Классификация состояний с накоплением железа

а) Патогенез. Поскольку в организме человека отсутствуют механизмы регуляции выведения железа, уровень его полностью зависит от интенсивности всасывания в кишечнике. При гемохроматозе всасывание железа, поступающего с пищей, аномально возрастает, что приводит к постепенному накоплению железа (0,5-1,0 г в год) преимущественно в печени. Болезнь проявляется клинически после накопления в организме 20 г железа. Высокая концентрация железа оказывает прямое токсическое воздействие на ткани организма за счет:
(1) перекисного окисления липидов под действием свободных радикалов, катализируемых ионами железа;
(2) стимуляции образования коллагена путем активации звездчатых клеток печени;
(3) взаимодействия АФК и железа с ДНК, что приводит к необратимому повреждению клетки или предрасполагает к развитию ГЦК.

При обратимом повреждении клеток удаление избытка железа в ходе лечения способствует восстановлению функции пораженной ткани.

Основным регулятором всасывания железа является белок гепсидин (пептид, экспрессируемый в печени, LEAP1), кодируемый геном НАМР и обладающий антимикробной активностью. Гепсидин вырабатывают гепатоциты в виде пропептида, состоящего из 84 аминокислот, затем он расщепляется на активный белок, содержащий 25 аминокислот, и мелкие циркулирующие полипептиды, состоящие из 20 и 23 аминокислот. Транскрипция гепсидина усиливается под влиянием провоспалительных цитокинов и железа, а снижается при дефиците железа, гипоксии и неэффективном эритропоэзе. Гепсидин связывается с белком клеточного канала выведения железа ферропортином, вызывая его интернализацию и протеолиз, что препятствует высвобождению железа из макрофагов и клеток тонкой кишки. Так гепсидин снижает уровень железа в плазме крови. Таким образом, дефицит гепсидина приводит к повышению концентрации железа в плазме.

Регулируют содержание гепсидина и другие белки, участвующие в метаболизме железа, а именно:
(1) гемоювелин (HJV), который экспрессируется в печени, сердце и скелетных мышцах;
(2) рецептор трансферрина 2-го типа (TfR2), который в большой концентрации содержится в гепатоцитах и способствует поглощению связанного с трансферрином железа;
(3) белок HFE, продукт гена гемохроматоза.
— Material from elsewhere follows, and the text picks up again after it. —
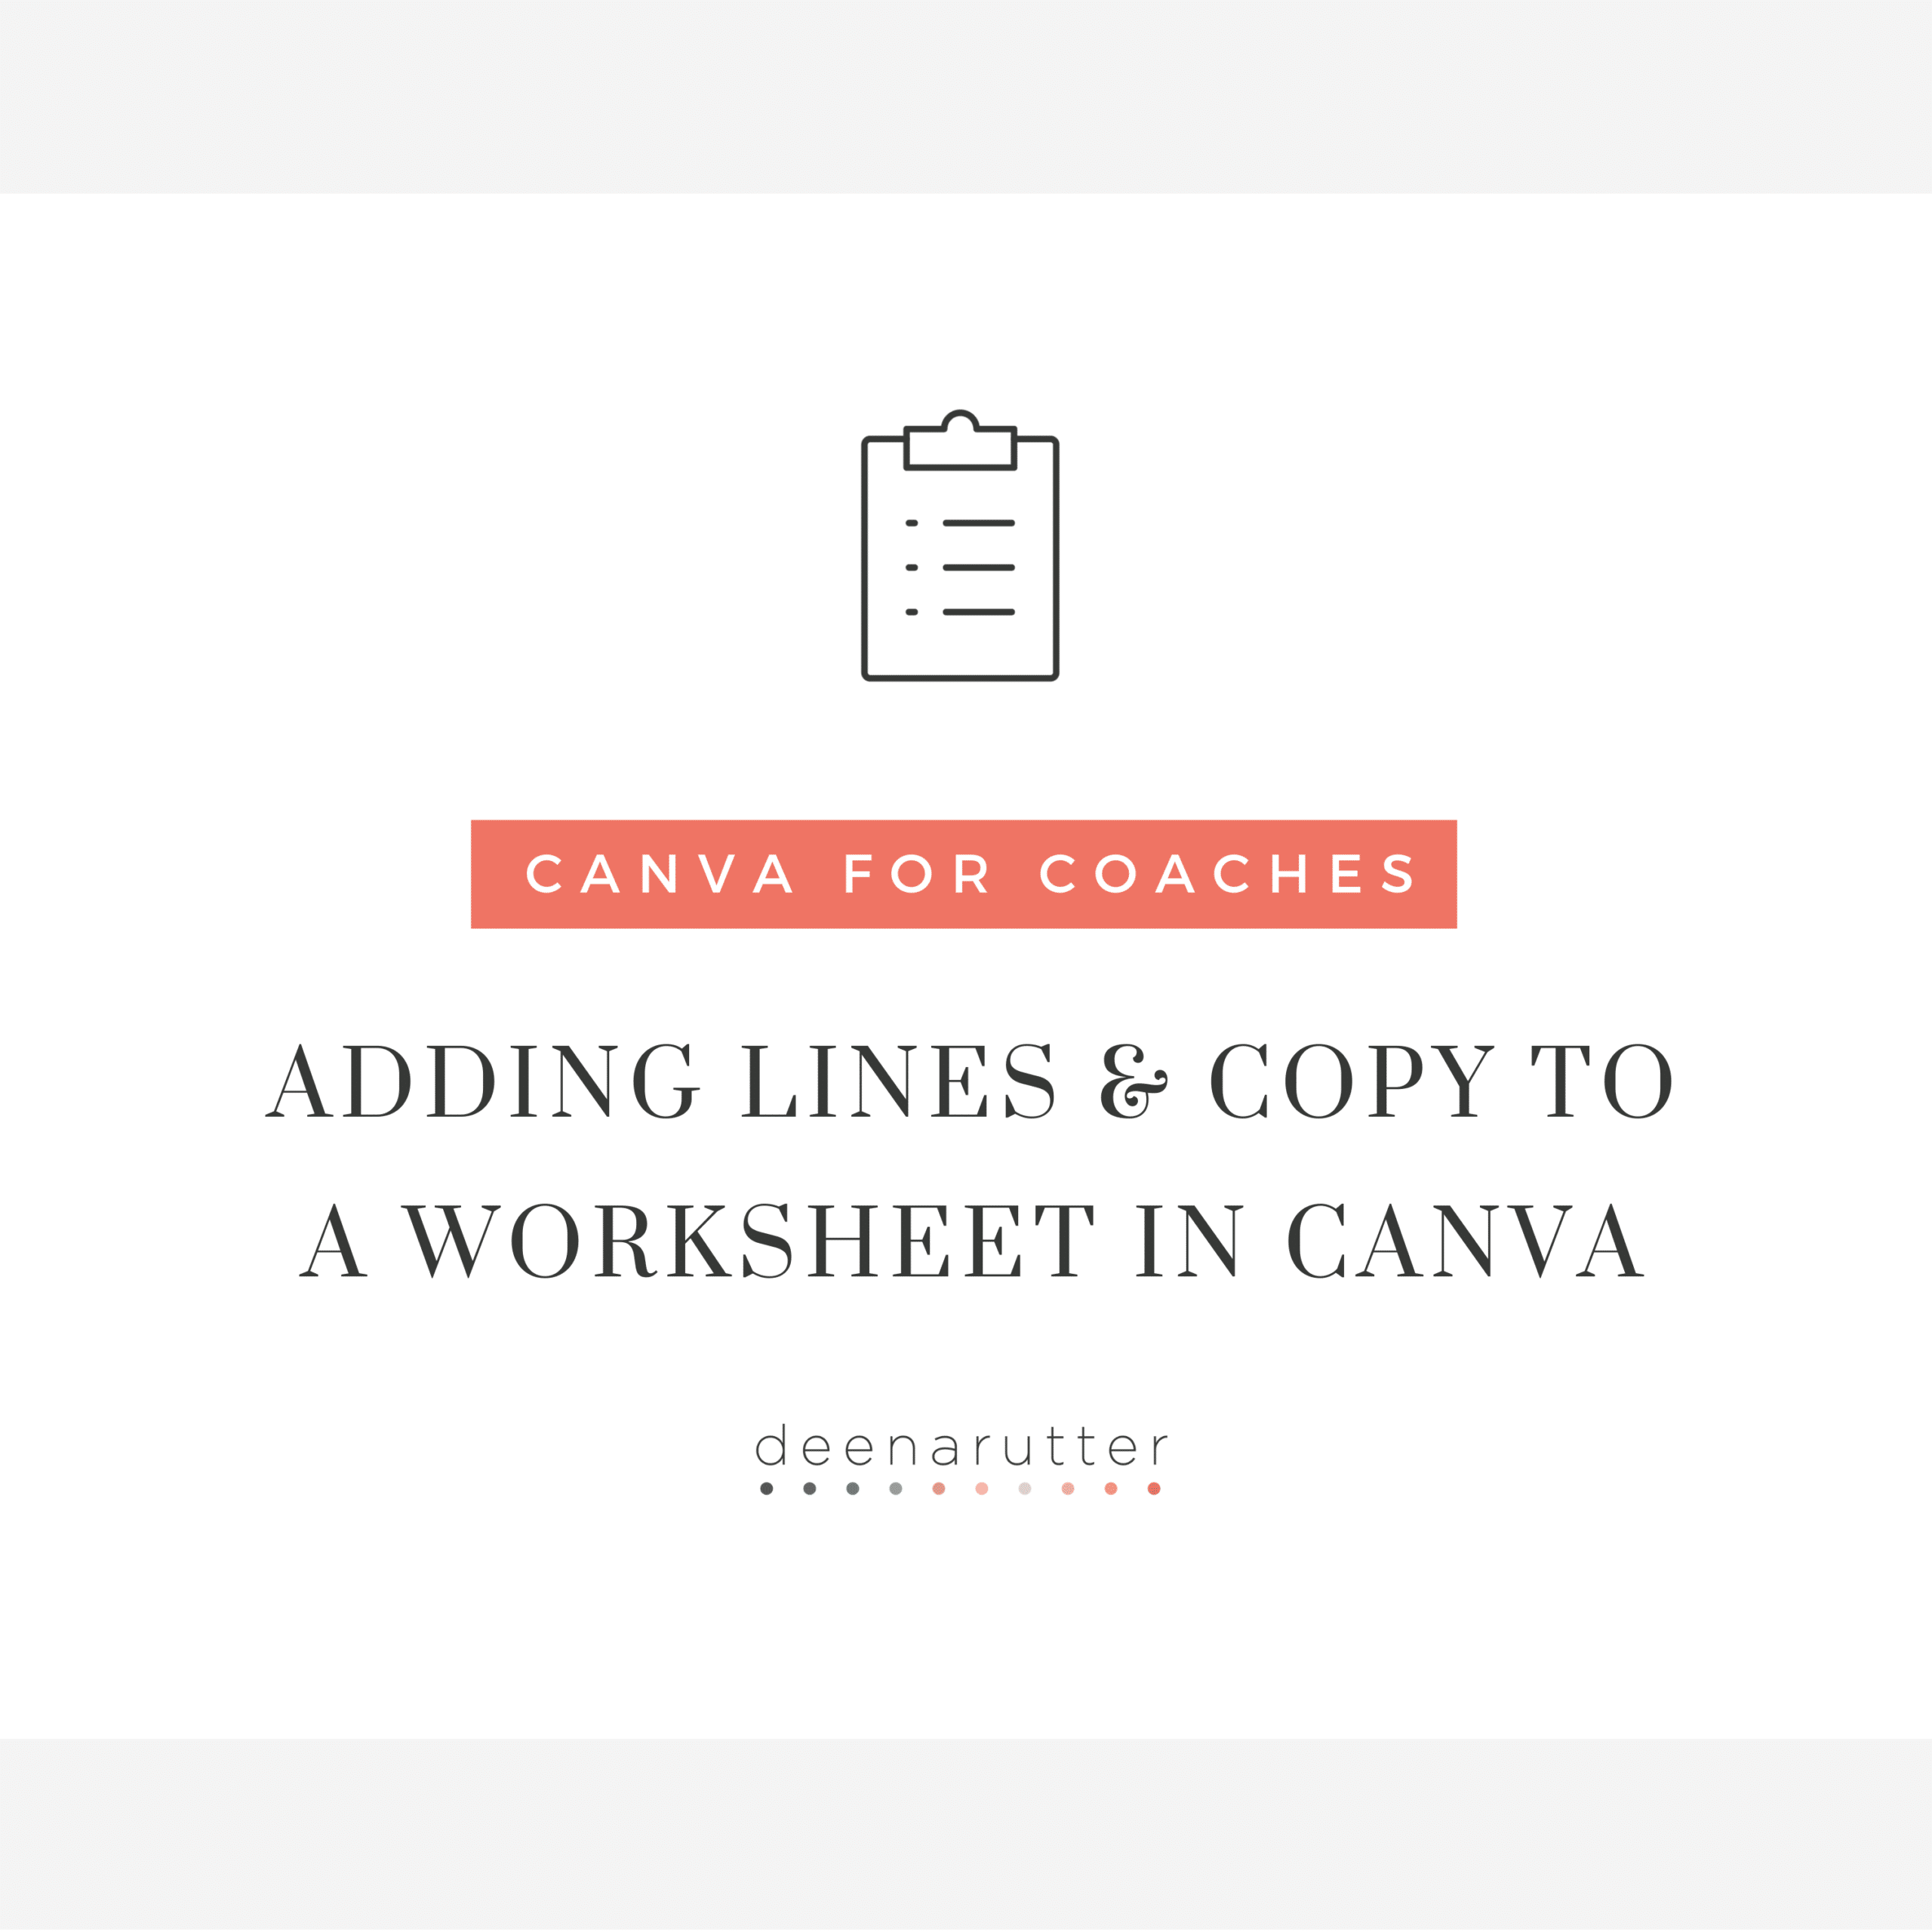 adding-lines-copy-to-a-worksheet-in-canva-deena-rutter
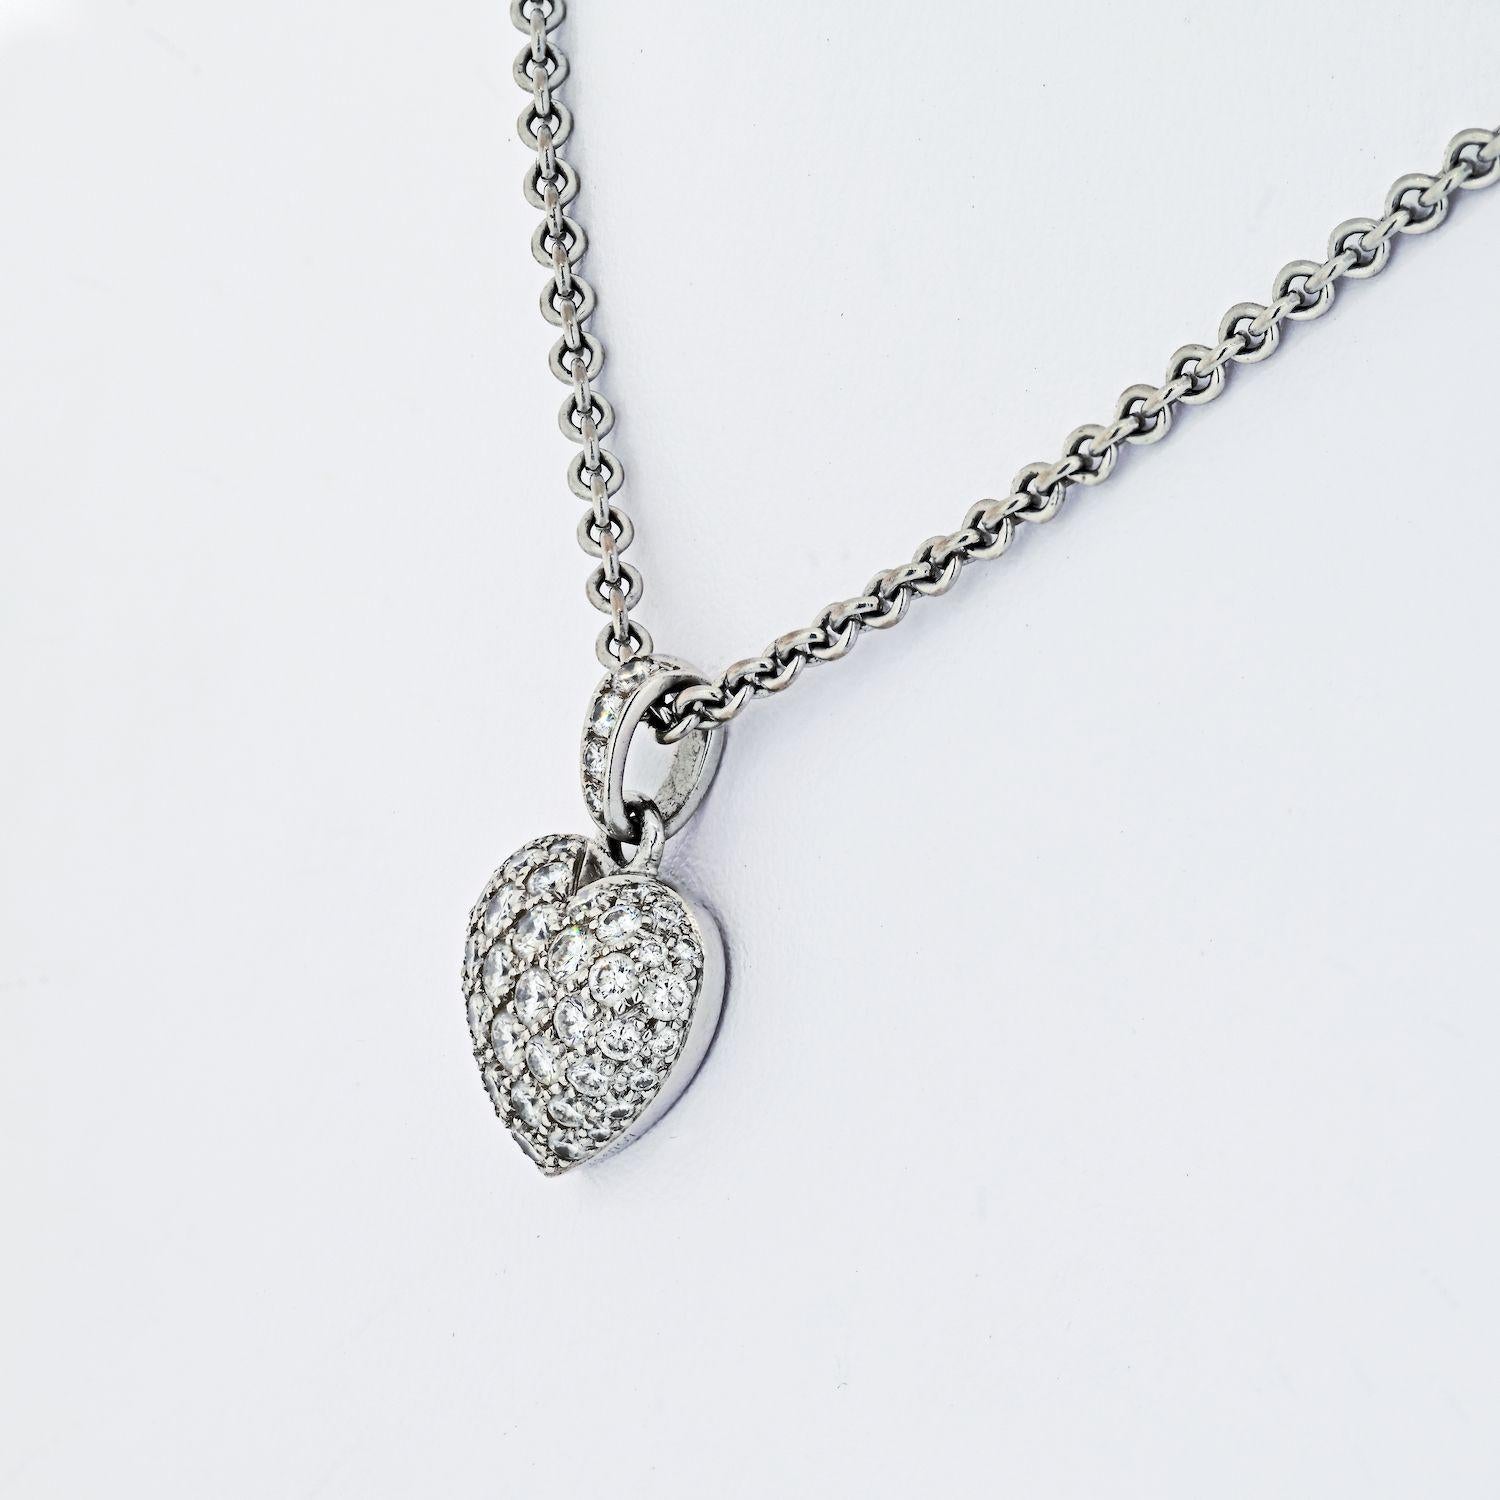 Pavé diamond 'puffed' heart pendant, with a diamond-set bale, mounted in 18k white gold, on a 16.5

Отсутствие экспрессии гепсидина из-за мутации его гена, а также генов HJV, TfR2 и HFE приводит к развитию гемохроматоза. Среди этих мутаций самыми частыми являются мутации гена HFE. Мутации генов НАМР и HJV приводят к развитию тяжелого наследственного гемохроматоза, известного как ювенильный гемохроматоз. Мутации генов HFE и TfR2 являются причиной классического наследственного гемохроматоза взрослых, более легкого заболевания по сравнению с ювенильным гемохроматозом. Мутации гена FPN вызывают болезнь накопления железа. Точный механизм, посредством которого белки HFE, HJV и TfR2 регулируют активность гепсидина и ферропортина, еще предстоит выяснить. Недавно было установлено, что сериновая протеаза (TMPRSS6) является рецептором железа и подавляет экспрессию НАМР.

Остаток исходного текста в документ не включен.